Courts should not be asked to intervene in Brexit talks, judge told

Courts should not be invited to intervene in high-level political negotiations on Brexit, a judge has been told.

Responding to a legal challenge in Belfast against a no-deal Brexit, a Government lawyer insisted the judiciary should be not asked to rule on top-level international affairs.

Tony McGleenan QC also rejected the suggestion that the Government had not taken due consideration of the potential impact a no-deal Brexit might have on Northern Ireland.

Referencing Operation Yellowhammer – the Government’s scenario planning exercise – the barrister said: “It’s apparent that the Government has considered, carefully assessed and taken provisions for the contingencies that may arise from an exit without a withdrawal agreement.”

Dr McGleenan outlined to Belfast High Court a draft affidavit written by a top civil servant on behalf of Michael Gove, the cabinet minister responsible for no-deal planning.

He said it made clear that Operation Yellowhammer, details of which were leaked to the Sunday Times last month, did not outline what was expected to happen, only what could happen in a worst-case scenario.

Dr McGleenan was responding to a joined-up judicial review case taken by three different applicants, one of them high profile victims’ campaigner Raymond McCord, against a no-deal Brexit.

They are challenging the Government’s handling of the Brexit process, arguing that exiting the EU without a deal would have a negative impact on the peace process.
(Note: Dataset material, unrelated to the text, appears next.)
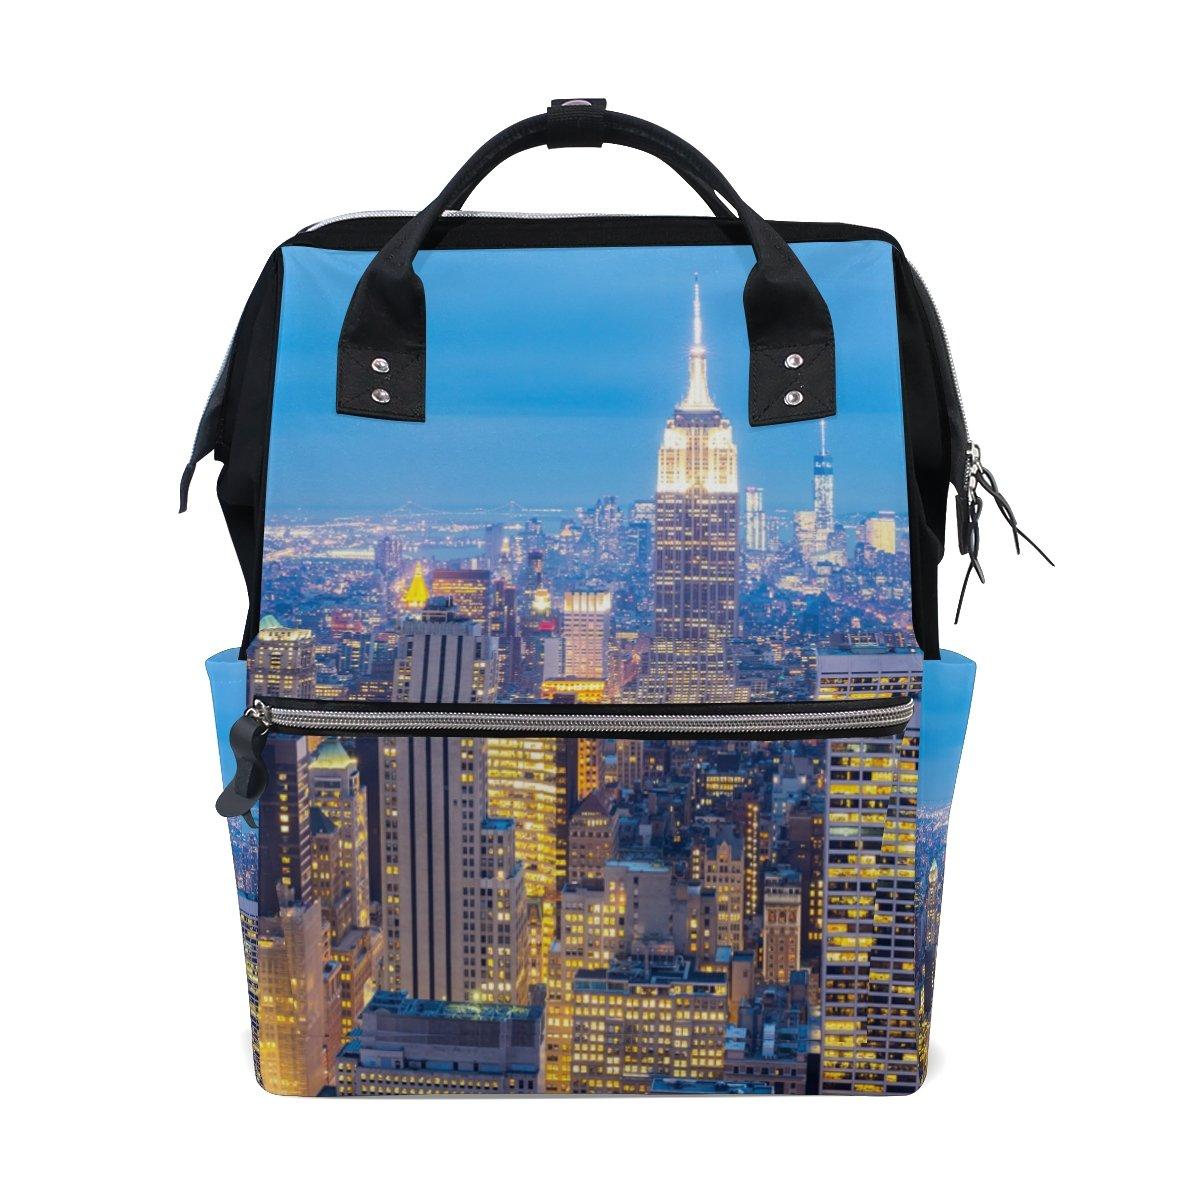 JSTeLノートカレッジバッグ学生旅行ニューヨーク市超高層ビル夕暮れ学校バックパックショルダートートバッグ   B078N6DMHJ

The Government barrister said the course of high-level political negotiations should not be a matter for judicial involvement.

“This is high policy and the conduct of international affairs,” he said.

Dr McGleenan added: “These are not matters the court should be grappling with.”

Northern Ireland’s Attorney General also made submissions to judge Lord Justice Bernard McCloskey on what was the second day of the hearing.

John Larkin QC insisted process agreements in Northern Ireland were not dependent on the UK remaining in the EU.

Mr Larkin said the EU was referenced only once in the British-Irish Agreement – the treaty that gave effect to the 1998 Good Friday Agreement – and that was only a brief mention in the preamble.

He said that mention only referred to the UK and Ireland wishing to improve relations between their countries as “friendly neighbours and as partners in the European Union”.

“That can’t be boosted or given a steroid injection as to make it an obligation of continuing membership of the EU on one or both parties,” he said.

Mr Larkin also argued that domestic UK law could not prevent a no-deal because provision for exiting the EU without an agreement was enshrined in Article 50 of the Lisbon Treaty, which took primacy.

Also during Monday’s proceedings, Mr McCord’s lawyer, Ronan Lavery QC, told the court he had written to Government lawyers asking for an undertaking that Prime Minister Boris Johnson would comply with the vote of Parliament to delay Brexit if no agreement is reached.

Barry McDonald QC, representing another of the applicants, urged Lord Justice McCloskey, if he found in their favour, to compel the Government to abide by the law.

Referring to speculation that Mr Johnson could send two letters to the EU, one asking for an extension and the other saying he did not want an extension, Mr McDonald suggested there was an attempt to “sabotage” the will of Parliament.

“There’s an indication of an intent to subvert the purpose of the Act,” he said.

Dr McGleenan denied that was the Government’s intention.

“The Government will abide by the law,” he said.

The hearing is due to conclude on Tuesday morning.